→ Dataset section:
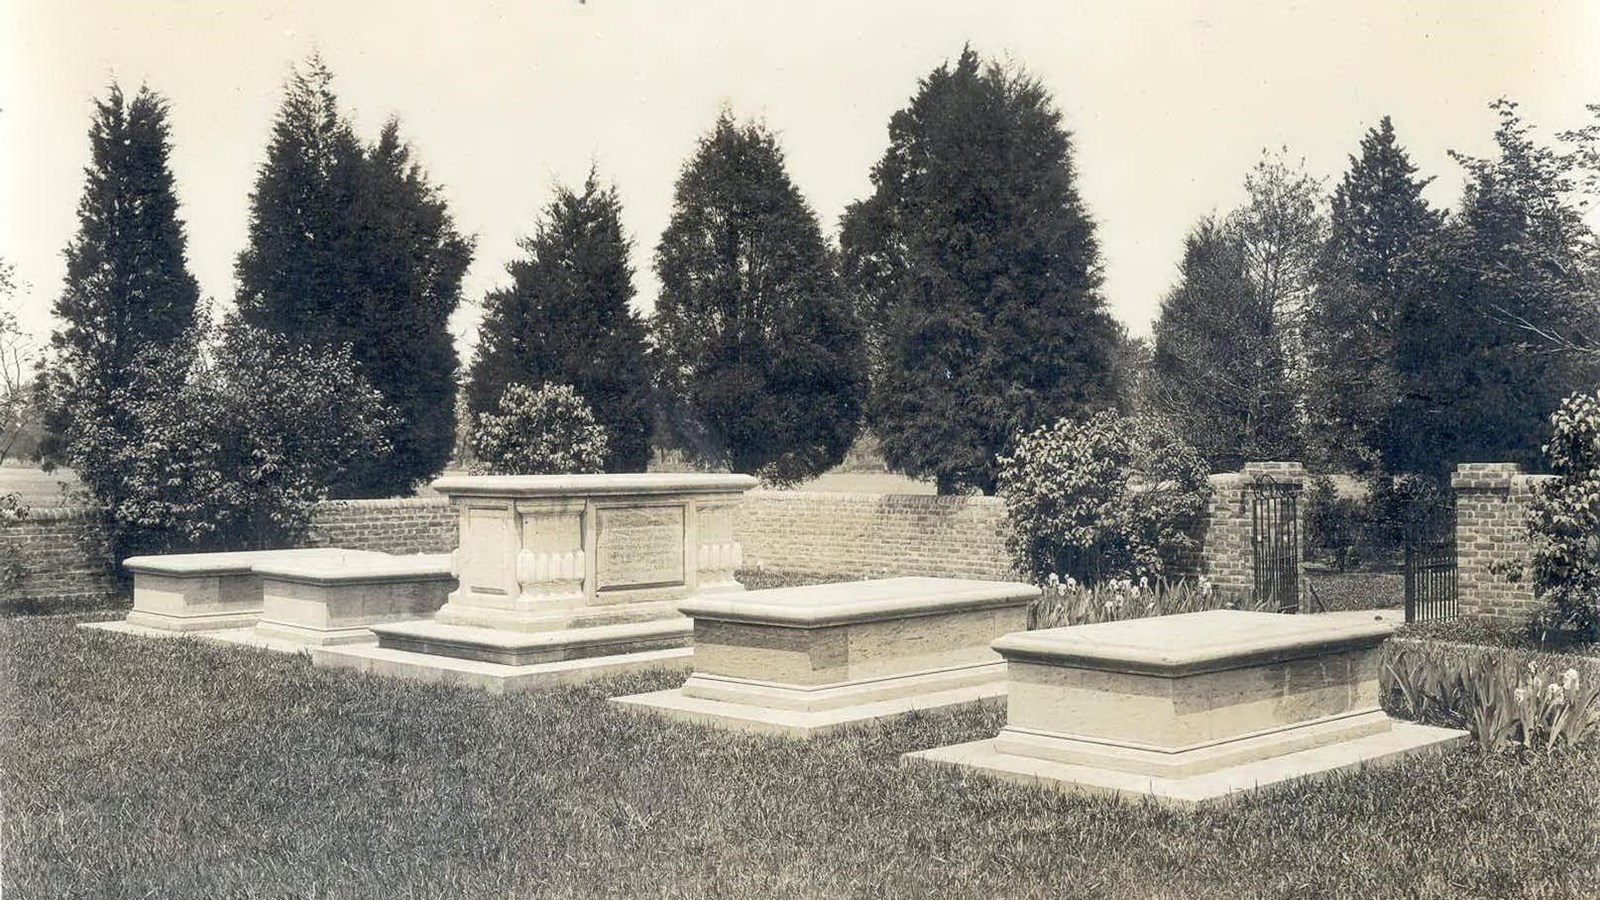 Washington Family Burial Ground
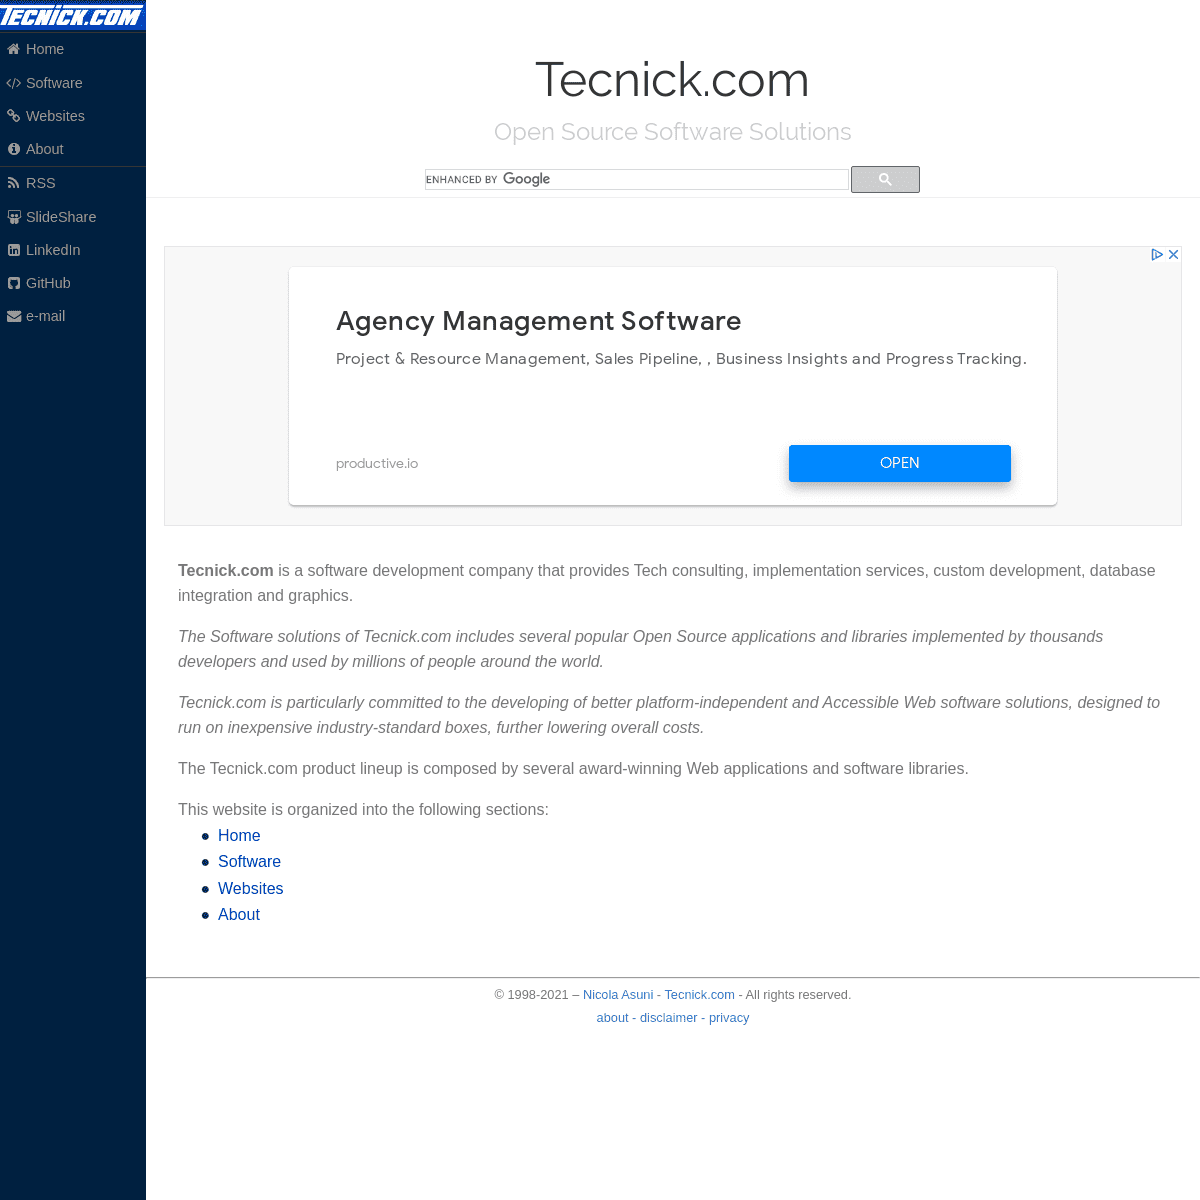 A complete backup of https://tecnick.com
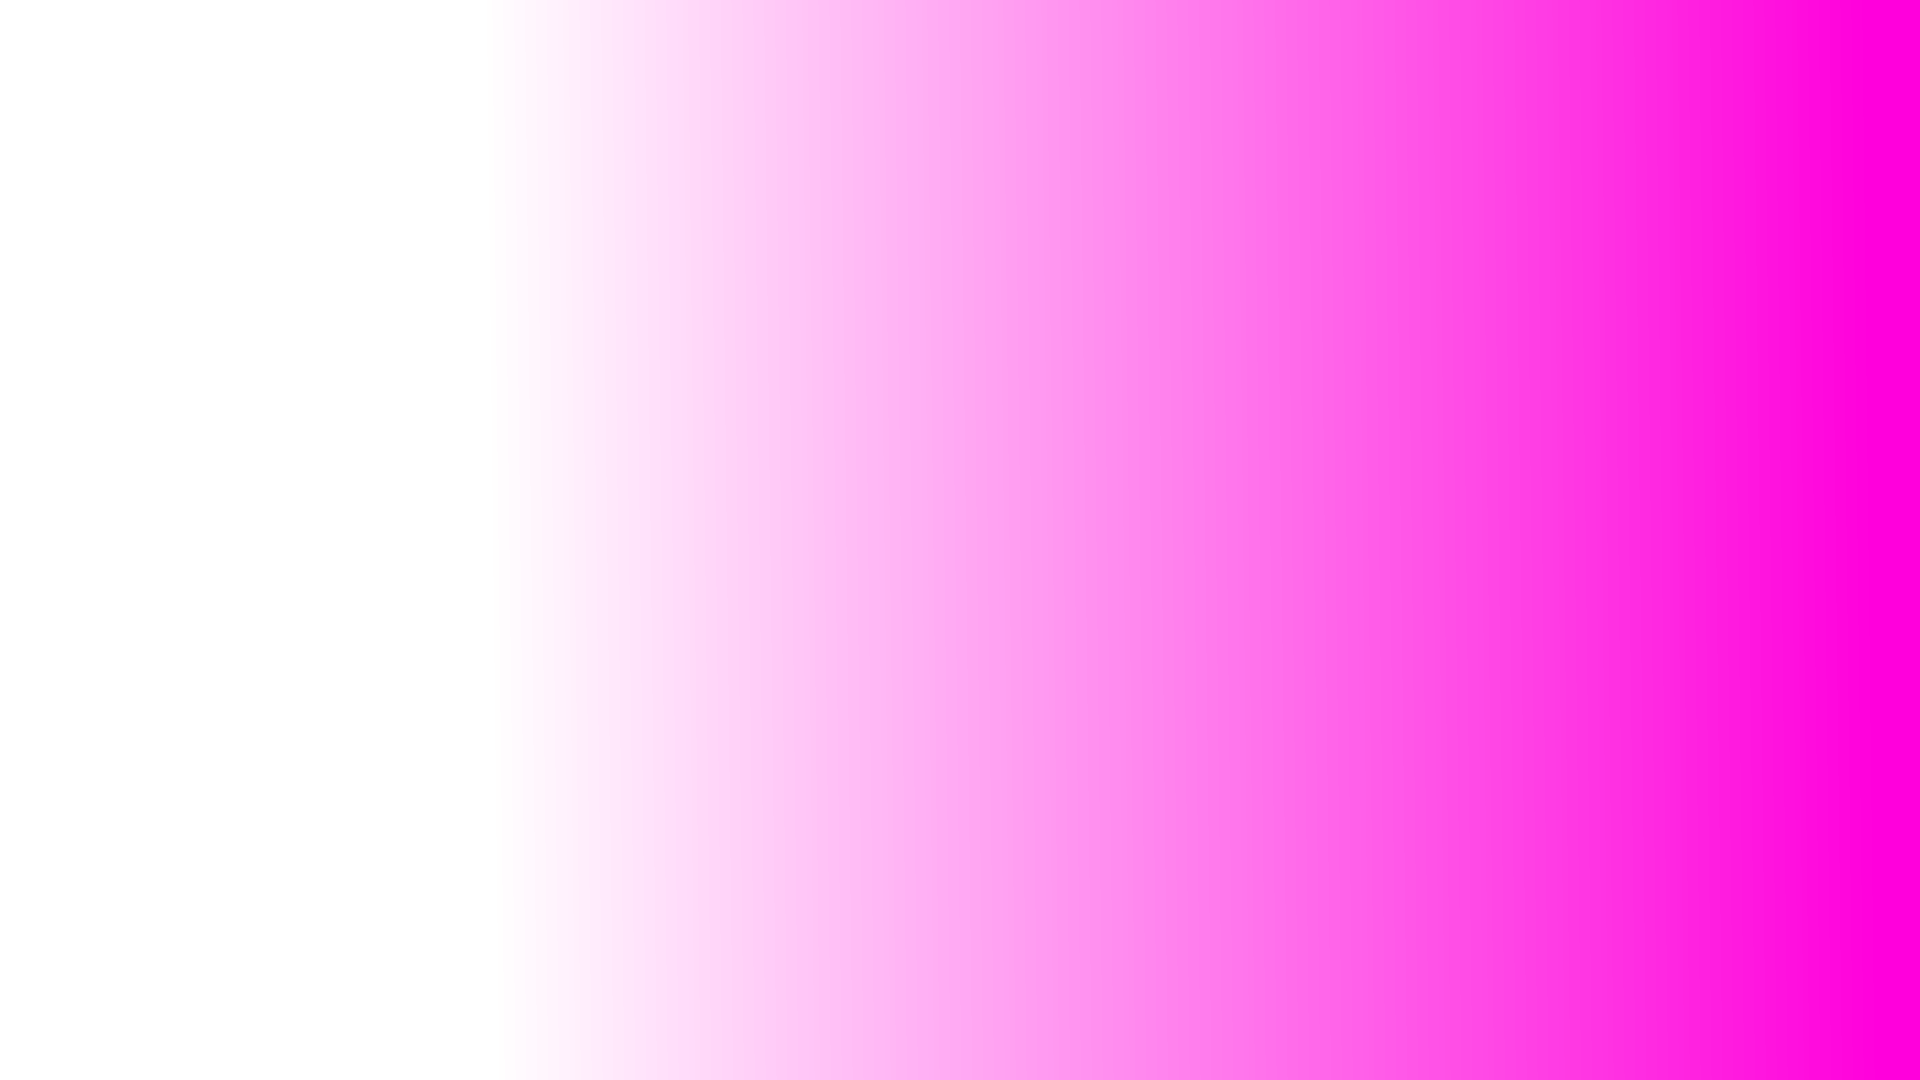 White and Pink Wallpaper - WallpaperSafari

→ Assignment: Output the material word for word. Pictures do not go in.

→ Output for this task:
 Washington Family Burial Ground
 A complete backup of https://tecnick.com
 White and Pink Wallpaper - WallpaperSafari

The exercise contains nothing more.